UK hospital uses Osso VR headsets to train surgeons

Naeem Soomro, director of robotic surgery at Newcastle Hospital said that VR could save time, money and lives

Credit: Gerd Altmann

Surgical technology has developed rapidly in recent years, improving patient outcomes but arming doctors with a dizzying array of tools and techniques that many struggle to get to grips with before wielding them in the operating theatre. Research suggests that when graduating from general surgery residency, about 30 percent of trainees were still unable to operate independently.

Dr Naeem Soomro understands this problem all too well. The director of robotic surgery at Newcastle Hospital has been rigorously exploring how to leverage technology to improve training since he was appointed in 2012. His investigations led him to Osso VR, a virtual reality training platform used to prepare surgeons for difficult procedures.

Osso VR allows his department to run countless simulations of operations and programme any procedural changes into the system. Multiple doctors spread across different physical locations can train together in one VR space, and supervisors can use the analytics tool to assess their individual skills.

"We bought their system to train our orthopaedic trainees to be able to do minor procedures in knee surgery," Dr Soomro tells Computerworld UK. "What we hope is that once they are able to do that, they can move on to doing operations on cadavers and in real life much more quickly."

Virtual benefits

Newcastle University boasts the widest adoption of robotic and minimally invasive surgery in the UK, and holds over 300 surgical training courses each year, but the tuition remains expensive and time-consuming.

Dr Soomro believes that VR training could help dramatically expand access to minimally invasive surgery and save the NHS millions of pounds.

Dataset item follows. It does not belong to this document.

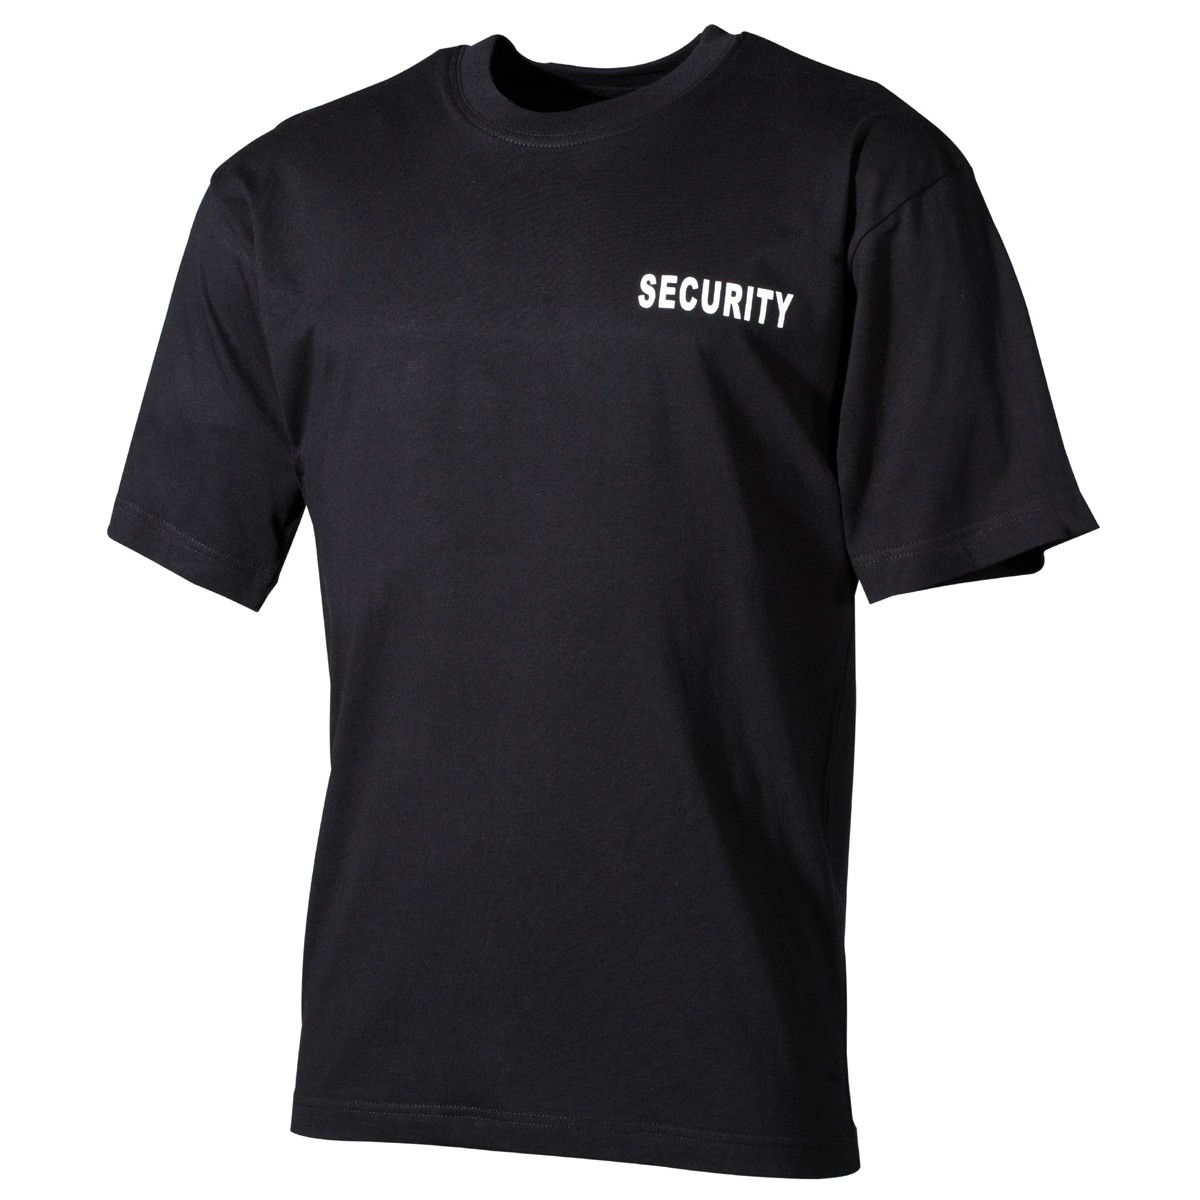 Tričko MFH Security - černé, M

"Currently, what happens in the UK is it takes 15 years to train a surgeon, and that's a huge amount of time," he says. "But I think there's a possibility we can train surgeons in the future much more quickly, because they will train in those environments."

The facilities where they use simulators and cadavers are expensive and there aren't many in the UK. "But if we develop VR or AR then people will be able to use it in their own time and at their own pace," says Soomro. 

The system uses haptic devices to replicate the use of medical instruments. Image credit: Osso VR

Osso VR can also provide objective measures of surgical skills through the data analytics feature that tests a doctor's knowledge of the procedure, level of precision and overall efficiency. The results can be used to assess each doctor and identify areas where they can improve.

Soomro says that this information can be used to predict someone's performance and flag up areas they're having difficulty with. “In future, by using all these instruments, we will be able to analyse outcomes and progression, which we haven't previously been able to do in surgeons, and be able to define what a good surgeon looks like digitally.

"I think all of these metrics will help us get a bigger picture so we are also undertaking research to be able to define those metrics and use AI and machine learning to be able to see whether we can actually identify those areas."

Choosing Osso VR

In the US, Osso VR is already being used in a range of orthopedic residency programmes, including at the Vanderbilt University School of Medicine, Columbia University, and Harvard Medical School, but Newcastle Hospital is the first European facility to adopt the system.

Newcastle chose Osso VR due to its reputation and encouraging results of early trials. "There is evidence of effectiveness and efficacy from these training systems in America," says Dr Soomro. "That was the thing that we recognised with OssoVR."

In a company-run study of first-year medical students, those trained on the system performed procedures twice as well as those who underwent traditional training methods, as measured by the Global Rating Scale, a scoring system for surgery.

However, the department remains open-minded to working with other companies too. This could include incorporating haptic feedback developed by FundamentalVR, and expanding the use cases from orthopaedics to other surgical specialties.

Dr Soomro believes that the future digitisation of surgical practice will not only transform treatment outcomes but also help society to cope with changing healthcare needs. He compares the issues in surgical practice to ones observed by Thomas Robert Malthus in the 18th century, an English cleric and economist who feared that the global food supply could not keep pace with human population growth.

"He said people would starve...but that didn't happen, because we were able to use technology to produce more and to deliver more grain," says Dr Soomro. "In the same way, I think there's a common perception that we don't have enough resources to spend on our health, which is a real concern, and the only way we can overcome that is to use technology to overcome our cost pressures in the same way.

"You have to have a bigger picture. How would you cope with pressures on delivery of care? You can't keep on being more productive with the same methodology. You have to use a different methodology - robotics, artificial intelligence, optics and everything else. Technology will be the thing which is going to take us out of this current problem."